I have never seen those 01 host file entries in any of the logs I have looked at. Seems something tried or did change your host file list and they all seem to be aimed at antivirus and antispyware sites to prevent you from reaching them. That host file list needs to be cleaned out and I see a fist full of other things. This one is bad and you not ever be able to trust your system again even if you fix the virus. Spybot should have prevented any hostfile changes if you had the lock host file box checked in IE tweaks because it would have been set to read only.
Oh my god man, I looked at your log and you have ALOT of problems, so lets start with the very nasty ones: C:\WINDOWS\system32\cyjrapblr\winlogon.exe Theres just too many 01s to name so, I looked and you should put a check next to ALL of them, then click "Fixed Checked" Now, for some smaller problems, you can fix these entries: O3 - Toolbar: (no name) - {3BB63FD4-3C00-44D7-94A9-5DE211900DEF} - (no file) O3 - Toolbar: (no name) - {E0E899AB-F487-11D5-8D29-0050BA6940E3} - (no file)

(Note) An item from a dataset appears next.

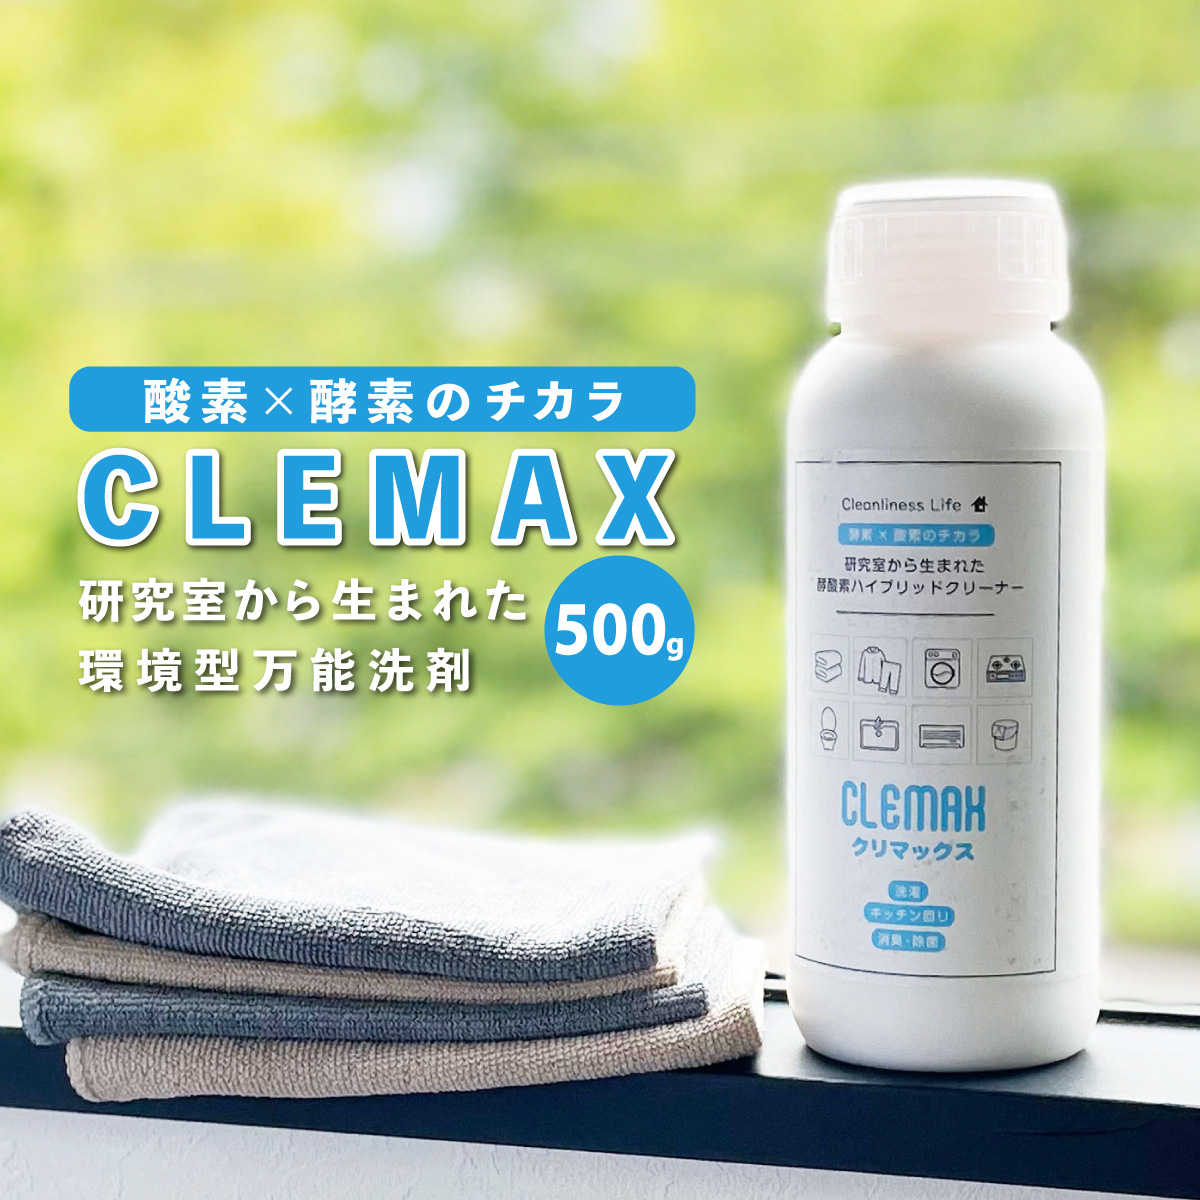 万能洗剤 CLEMAXクリマックス 500g 除菌効力99.9% ハイブリッド洗剤

Waymon: I question is it is worth trying to fix this, Im Sure that you looked up this virus and god knows what might have been changed. I would not trust the system and reload it without a second thought. He just happened to get a real good one :-(
What do you think of Window's system restore points? This might save some of his data from being deleted by reinstalling windows.
Depends on how long the virus has been in there, more then 24 hours and it would be in a restore point. From what I have read about this bug it's liking somebody sitting at you keyboard. Tough call what to do. Saving the data to somewhere else would be ok if what gave him the bug was not part of that data somewhere. Only three ways I can think of to get something like this. Open a bad email, click on something bad on a web page or a bad download.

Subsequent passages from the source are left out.